TypeError: Cannot read properties of undefined (reading ***)

How do educators find foreign language references?

The privatization deployment of SaaS services is the most efficient | cloud efficiency engineer points north

QT 如何将数据导出成PDF文件(QPdfWriter 使用指南)

Happy Lantern Festival, how many of these technical lantern riddles can you guess correctly?

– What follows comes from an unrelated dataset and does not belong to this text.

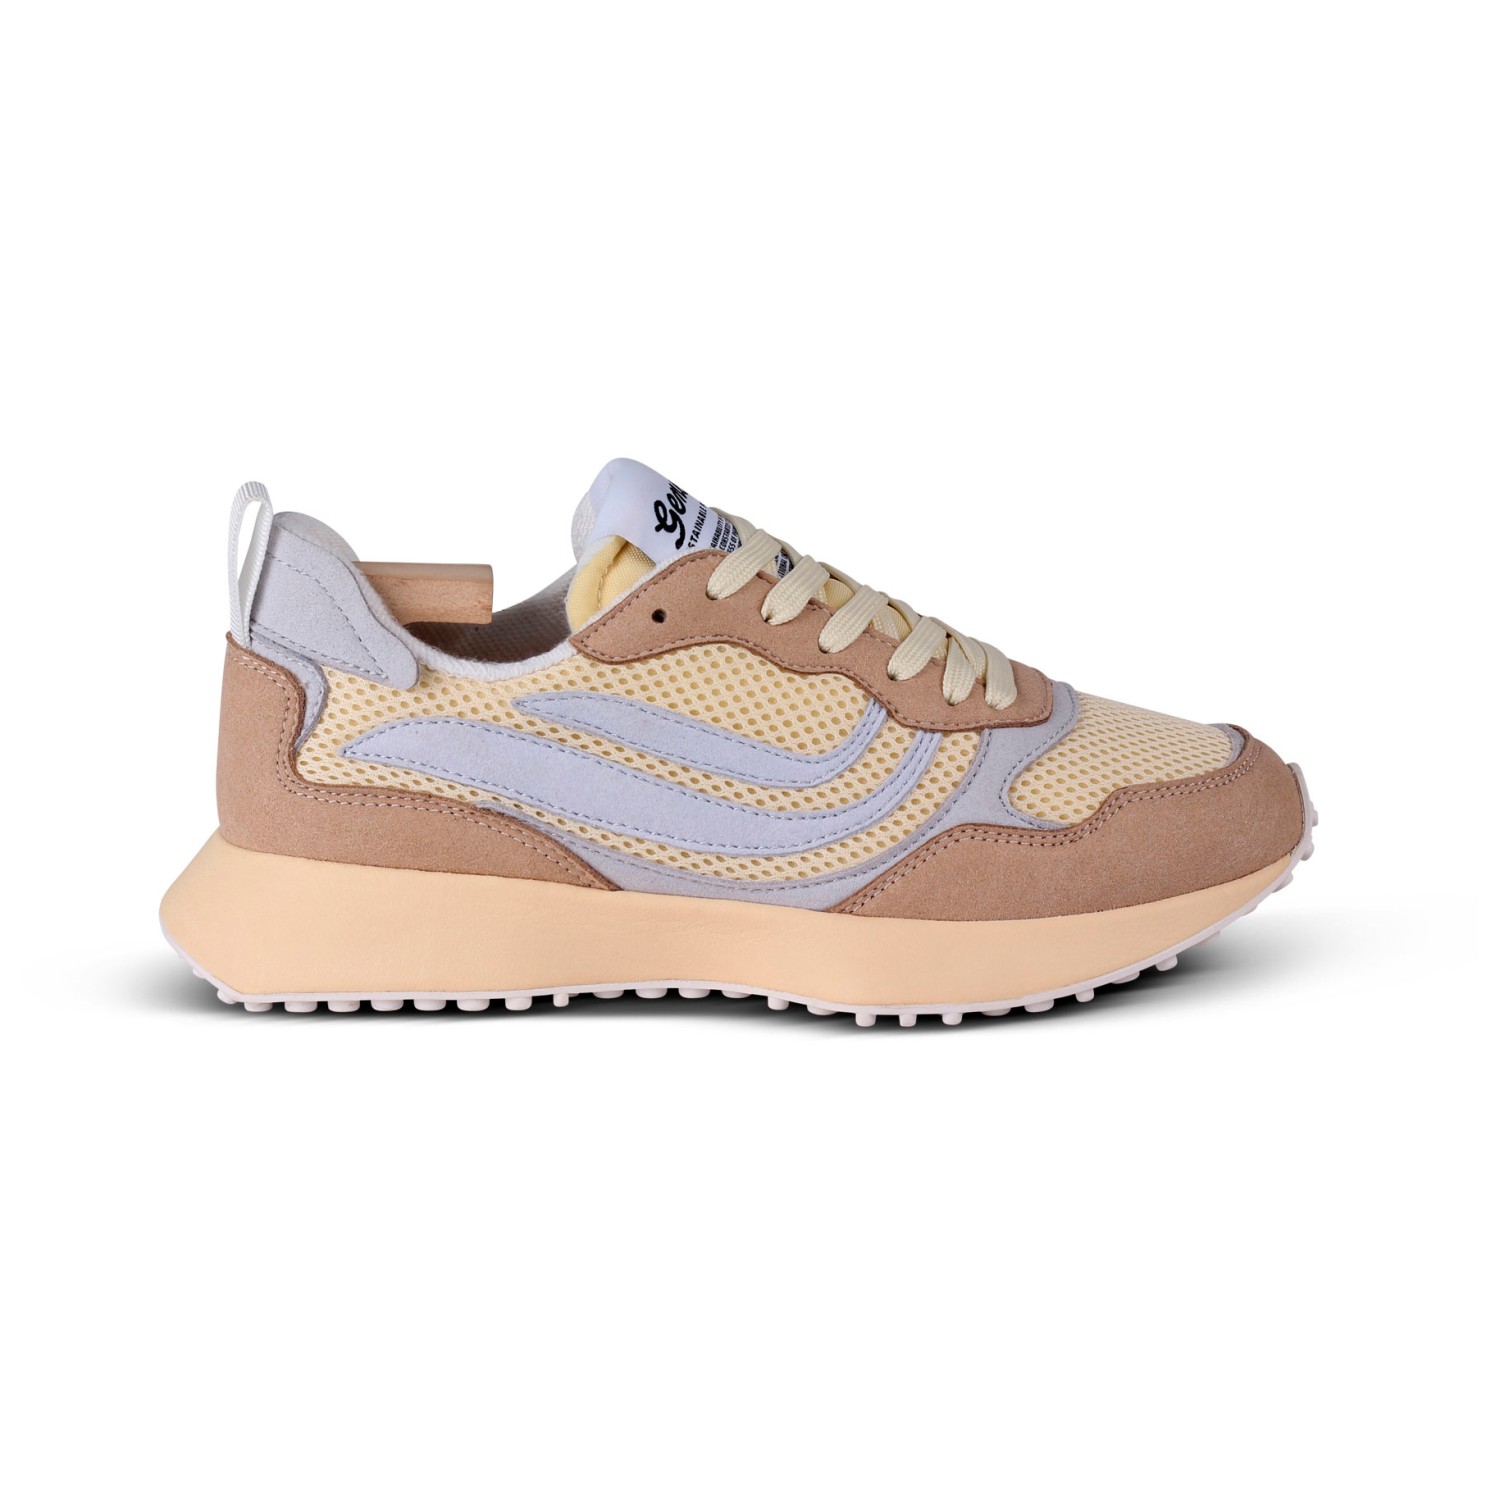 Кроссовки Genesis Footwear G Marathon Multipastel, цвет Light Beige/Light Grey/Sky кроссовки recykers corsocomo beige

Architecture: load balancing

35页危化品安全管理平台解决方案2022版

Seckill system design
随机推荐
開源了 | 文心大模型ERNIE-Tiny輕量化技術,又准又快,效果全開
95页智慧教育解决方案2022
返回二叉树中最大的二叉搜索子树的大小
Installing redis under Linux
Where can I check the foreign literature of economics?
SQL query statement parameters are written successfully
来自数砖大佬的 130页 PPT 深入介绍 Apache Spark 3.2 & 3.3 新功能
[OJ] intersection of two arrays (set, hash mapping...)
Leetcode DP three step problem
Container runtime analysis
Create an interactive experience of popular games, and learn about the real-time voice of paileyun unity
The privatization deployment of SaaS services is the most efficient | cloud efficiency engineer points north
开源了 | 文心大模型ERNIE-Tiny轻量化技术,又准又快,效果全开
写论文可以去哪些网站搜索参考文献?
Bigder:32/100 测试发现的bug开发认为不是bug怎么处理
Luogu_ P1149 [noip2008 improvement group] matchstick equation_ Enumeration and tabulation
经济学外文文献在哪查?
JVM foundation review
In February 2022, the ranking list of domestic databases: oceanbase regained its popularity with "three consecutive increases", and gaussdb is expected to achieve the largest increase this month
What is the standard format of a 2000-3000 word essay for college students' classroom homework?